La gestation réelle dure ensuite environ cent trente jours, conduisant à des mises bas en mai ou juin. Les naissances gémellaires constituent la norme dans de bonnes conditions écologiques, avec une moyenne proche de 1,8 faon par femelle. Les triplés existent mais demeurent rares. Dès leurs premiers jours, les jeunes commencent à goûter la végétation tout en continuant à être allaités durant plusieurs mois. La mortalité juvénile reste toutefois importante. Les intempéries, les travaux agricoles mécanisés, les collisions routières, les chiens errants ou encore certains prédateurs opportunistes comme le renard, le sanglier ou les corvidés peuvent lourdement affecter les jeunes classes d’âge. L’expansion spectaculaire du chevreuil observée depuis la seconde moitié du XXe siècle repose en grande partie sur sa forte capacité de colonisation.
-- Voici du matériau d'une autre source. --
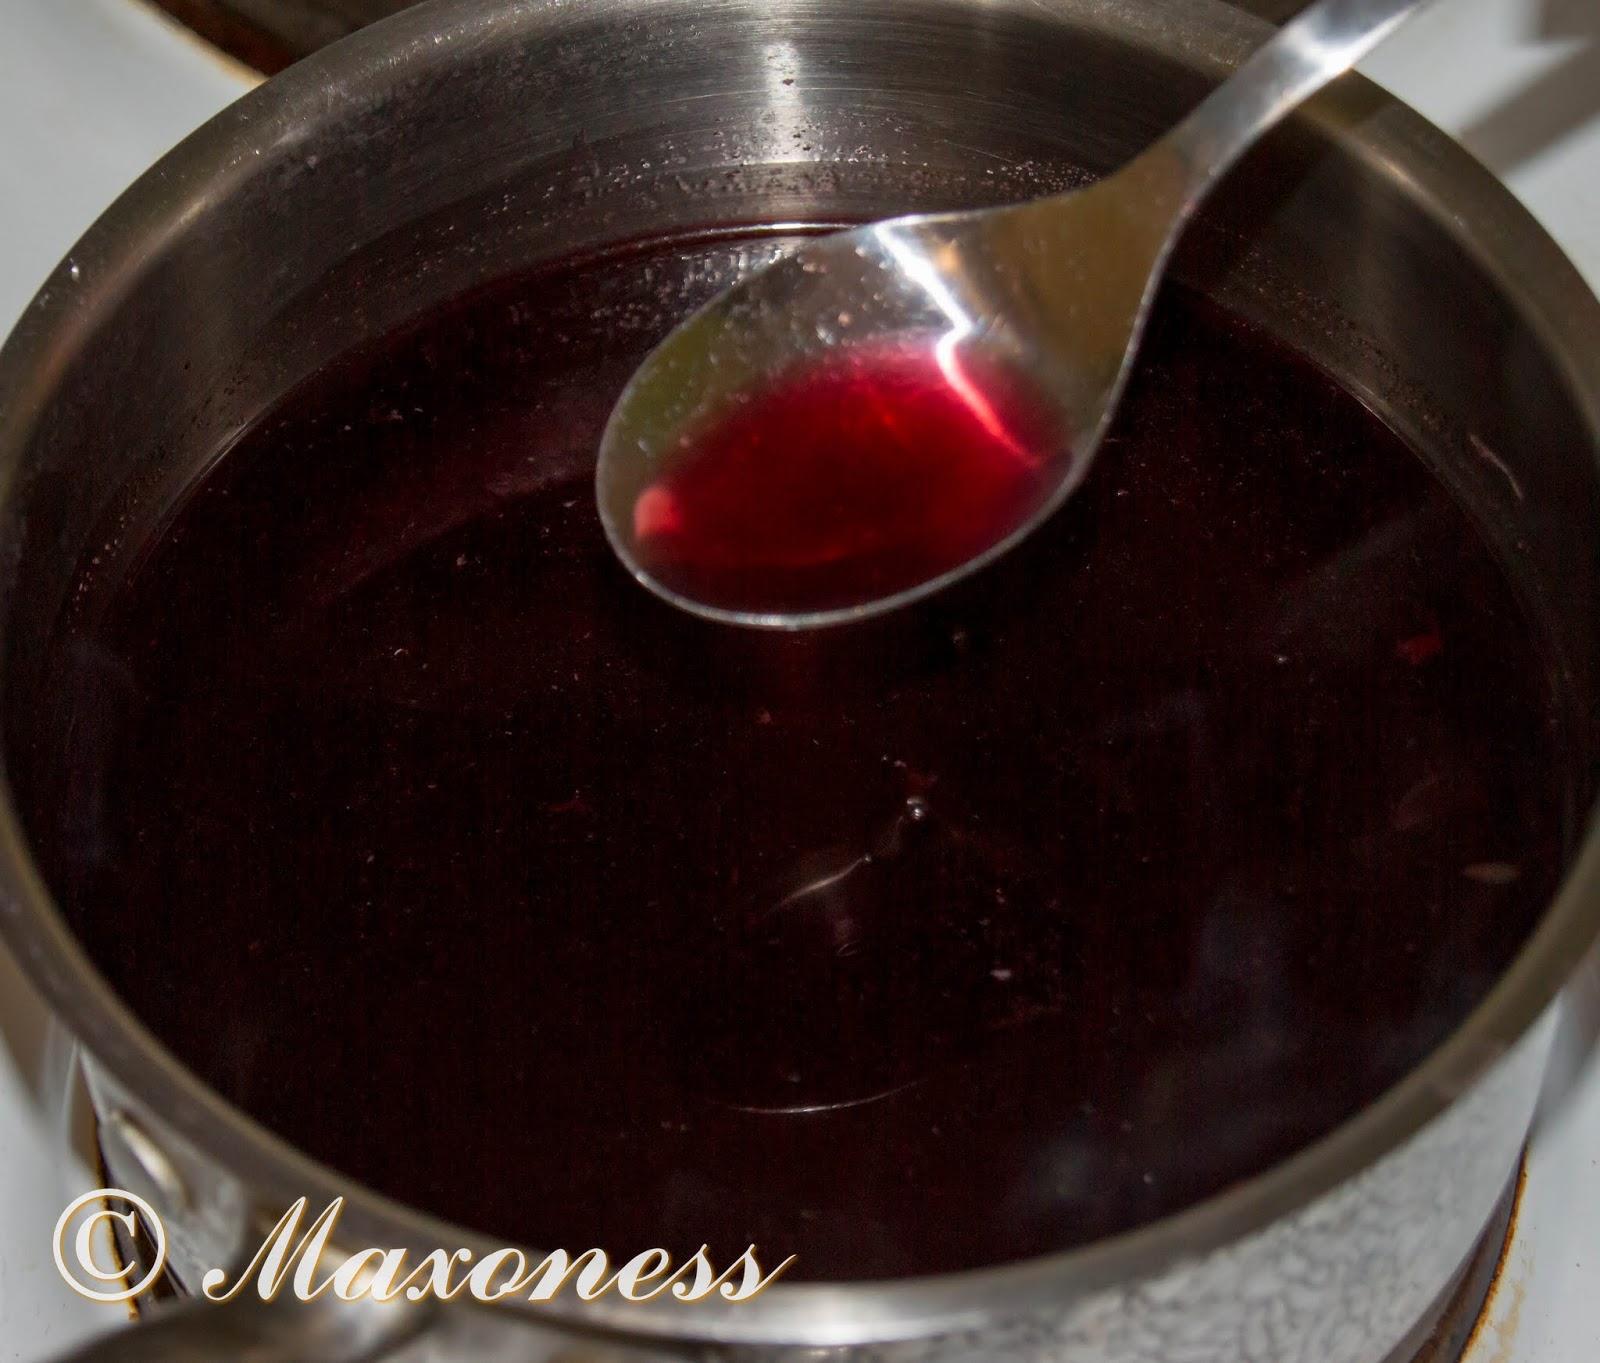 Настойка из черемухи рецепты на водке и самогоне - АлкоФан
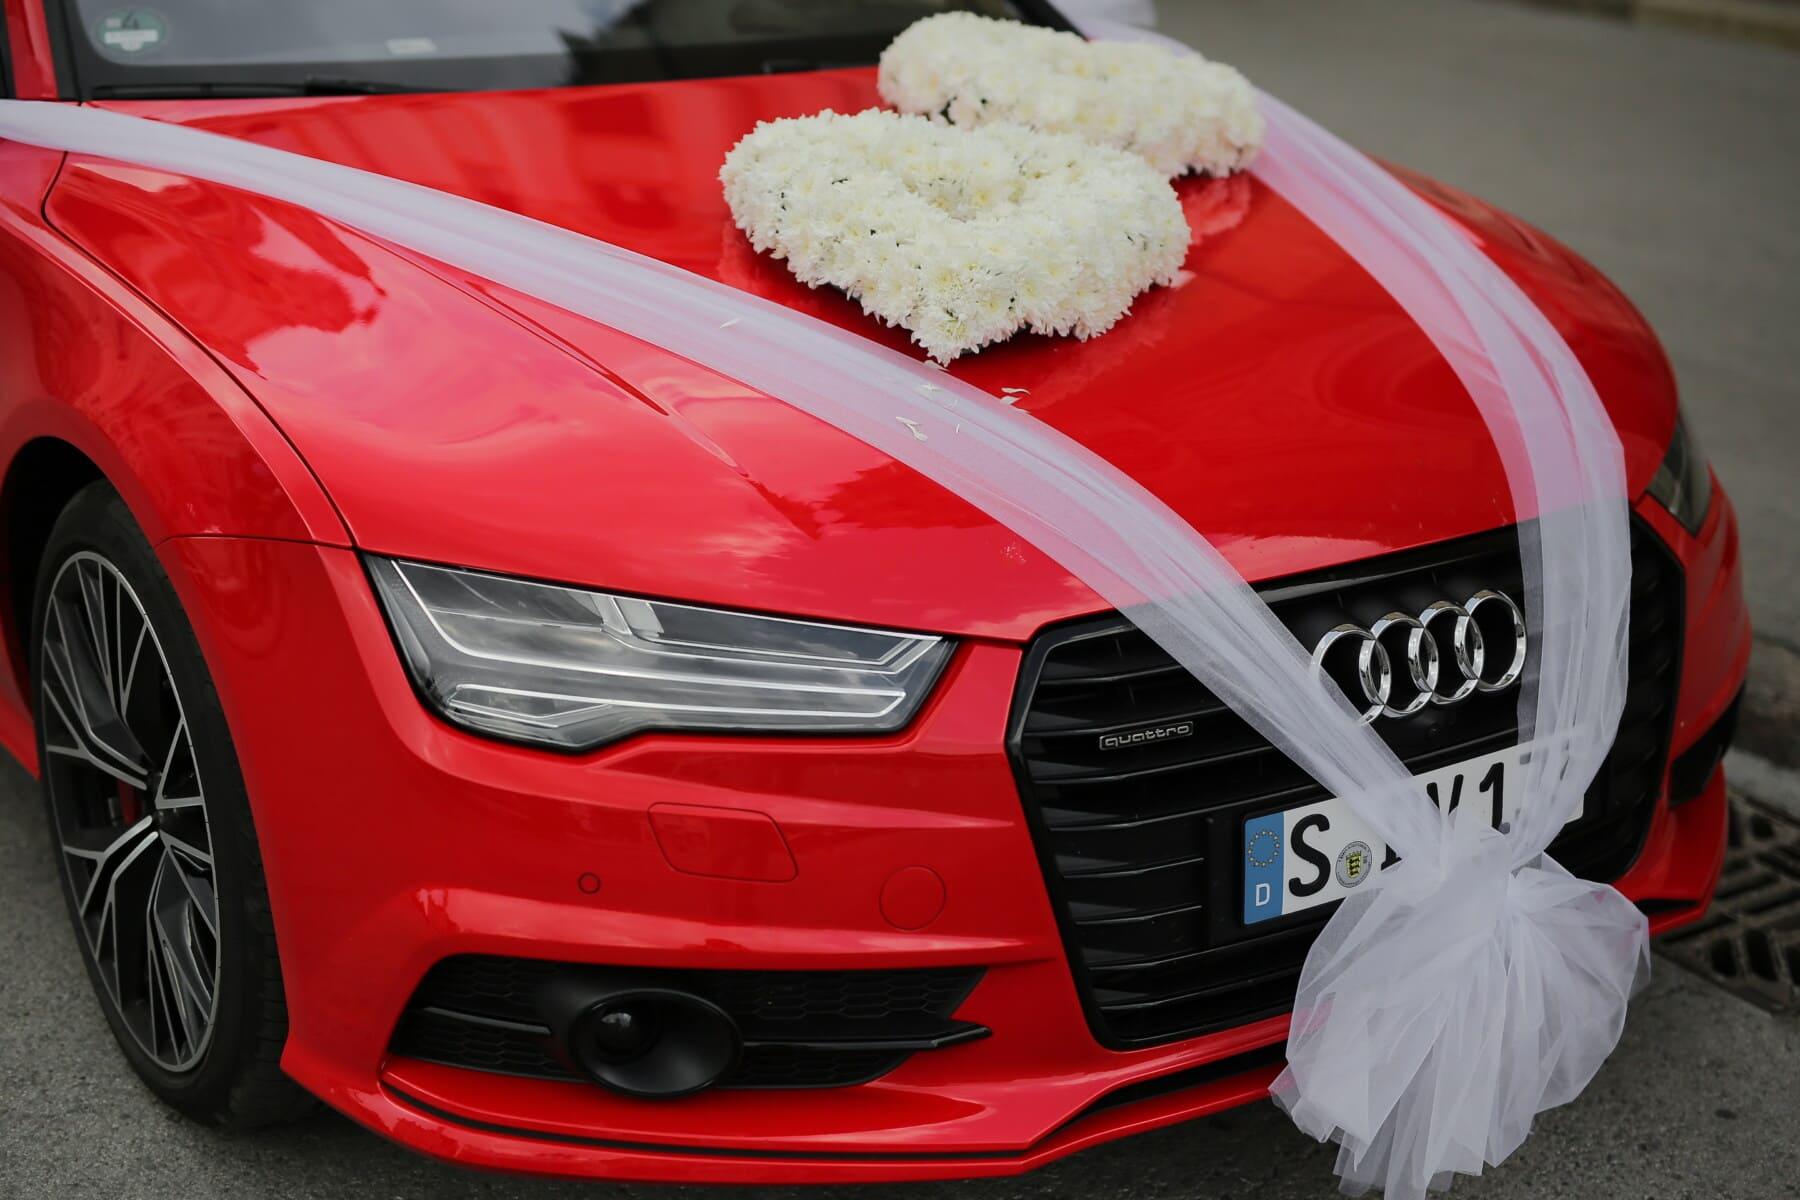 Audi, voiture de sport, rouge, mariage, bouquet de mariage, Roadster, automobile, automobile, Vitesse, voiture

Chaque printemps, les jeunes de l’année précédente sont progressivement chassés du domaine maternel ou exclus par les mâles dominants. Cette dispersion favorise l’occupation rapide de nouveaux territoires, notamment lorsque les habitats offrent une mosaïque de boisements, de cultures et de zones refuges. La chasse, les accidents routiers ou la disparition d’animaux territoriaux créent également des espaces rapidement recolonisés. Aujourd’hui, le chevreuil figure parmi les grands mammifères sauvages les plus abondants d’Europe occidentale. Cette réussite écologique pose néanmoins de nouveaux défis : dégâts forestiers liés aux frottis et au broutement, collisions avec les véhicules, pression sur certaines régénérations forestières ou transmission possible de parasites comme les tiques. Symbole d’une faune sauvage capable de s’adapter aux paysages façonnés par l’homme, le chevreuil demeure pourtant un animal extrêmement sensible au dérangement, dont l’équilibre repose avant tout sur la qualité des habitats et la tranquillité des milieux naturels.